When the new Frameworks for social studies in New York State came out about six years ago, the first item that caught my eye was the constructed-response question sets. If you are not familiar with this task, in brief, it calls upon the student to examine historical sources (I use exclusively primary sources) by providing historical or geographic context, identifying the point of view, intended audience, or purpose of a document and then using the two documents in either compare-contrast, cause-effect analysis, or turning point identification.
Originally, the task was supposed to call upon the student to evaluate the reliability of the source. This was scrapped, probably after field testing questions. I regret their decision to scrap this (though it does appear as part of the analogous task, the short essay, in US History grade 11). Students can be taught to evaluate the reliability of sources at an early age (I incorporated it into my sixth- through eighth-grade social studies work). Students can be trained to evaluate based on features like the point of view (bias), intended audience, purpose, time and place, and authorship. Teaching this does require patience and practice. What I think happened is this: few teachers address the reliability of sources and so when they field tested the new exam format, everyone did so poorly that they scrapped the question. I wish I could find out how my kids did. I had been teaching the reliability of sources since they were in middle school.
I advocate a strategy of assigning one CRQ in each unit of study in grades nine and ten without access to notes. I used this as one of the tests at the end of a unit of study. I would tell students about what kinds of documents would appear and what historical context they should be able to recall in advance. It is a challenging task for them.
The first challenge for novices is to understand what it means to provide context. Faced with the question “What is the historical context of this document?”, beginners will retell what the document says. The reason for this mistake is that, since they were little kids, teachers have asked them to relate what a text means to prove they understood it. This task asks students to bring to bear what they know about the history behind the document, which requires a level of recall I don’t think we’re asking students to do enough.
Another challenge for students writing the CRQ is the third question where they must use two documents in analysis. Cause-effect relationships are the easiest for students, it seems, so I teach those first. When students are asked to compare and contrast the documents, some students have to be cautioned to select significant elements to compare. The fact that one document is a map and one is a diary entry, for example, is not a significant fact.

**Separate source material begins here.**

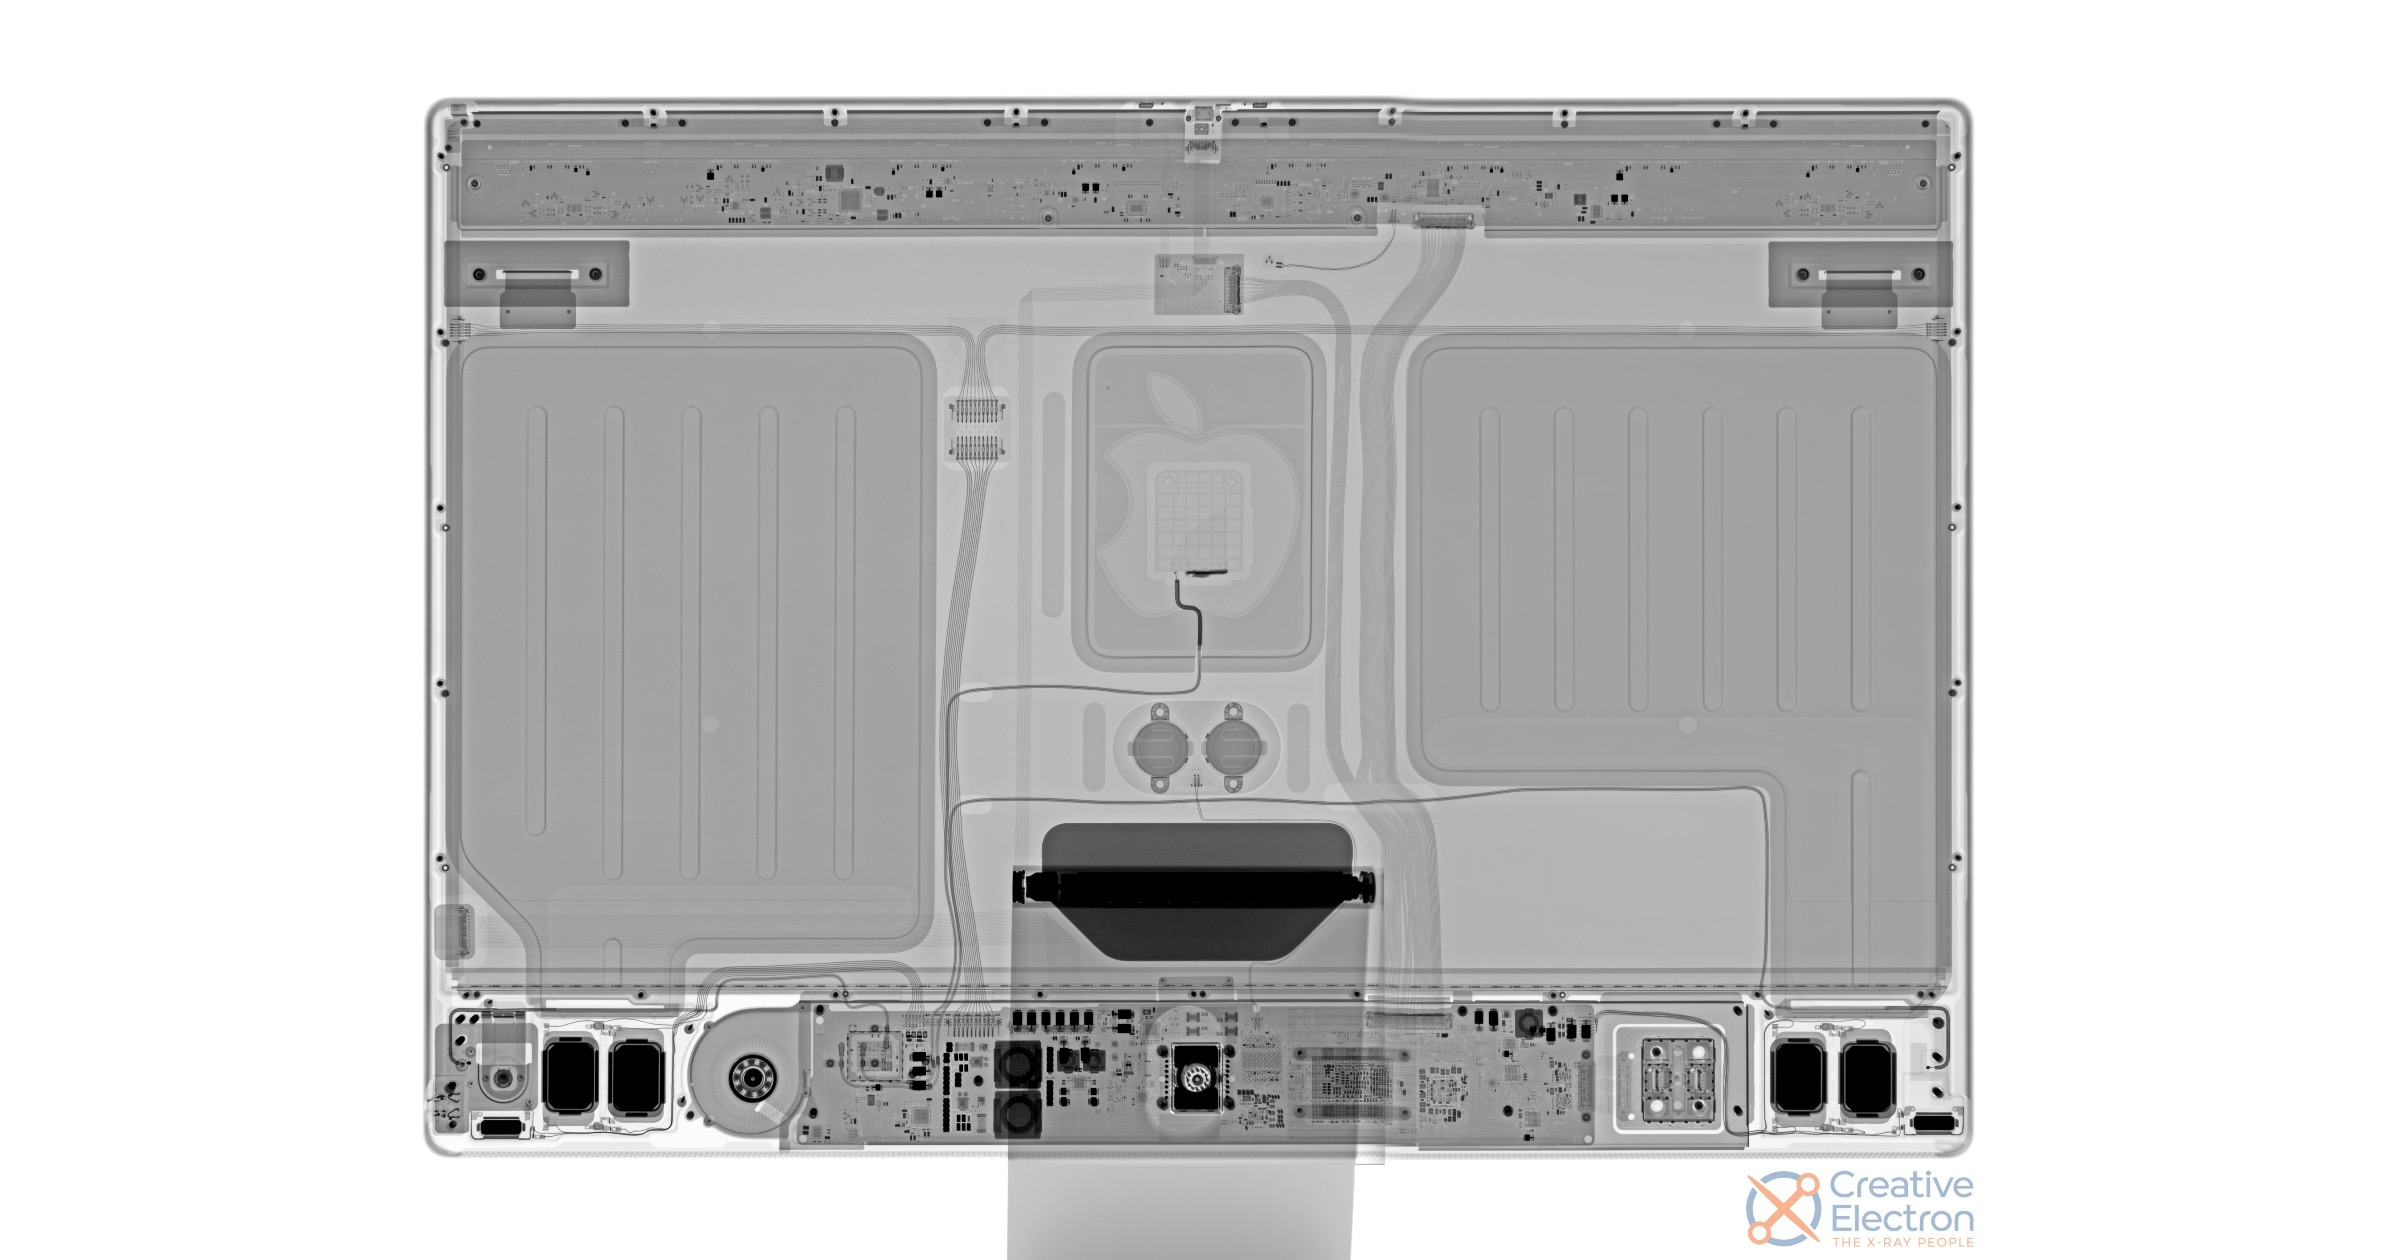 iFixit Posts Teardown of the 2021 iMac 24-inch - The Mac ...

The turning point question is the hardest, mostly because it calls on students to recall history and to understand historical trends both before and after the event. I find it useful to break this up into small tasks: first say what the turning point is, then say what is so special about it.
After a difficult task, especially for writing, I like to do a “debriefing”. In the debriefing after the CRQ, I like to share student answers anonymously in a slide show and discuss them. It is a very effective strategy for stamping out common errors early and permanently. Sample debriefing PowerPoints from an eighth-grade and ninth-grade CRQ are posted below.
Certain constant reminders were recurring for all my classes:
— Things are not reliable because of what they say or show.
— Things are not reliable because they are in quotation marks.
— Things are not reliable because they happen to match what you think is already true.
— Unreliable statements can be true.
— When you’re asked for historical context, do not describe what the document says.
And what about middle school? Can the constructed-response task be modified for that level?
Students with an IEP often are very challenged by these tasks because of the reading level of the texts. Since I use primary sources exclusively in my CRQ’s, this is doubly difficult for students with reading limitations. The answer to this is to consider obtaining CRQ’s designed with a lower reading level.
If I may be so bold as to give advice, I would suggest that students do these throughout Global nine and ten, perhaps once a month. I suggest that they be as tests instead of open-book or take-home assignments because students need to prepare for recall situations. The debriefing afterward is vital to class improvement and it makes for a long-lasting correction. I would advocate resisting the temptation to leave this off for the Global ten teacher. It really does take a long time to learn to do this well.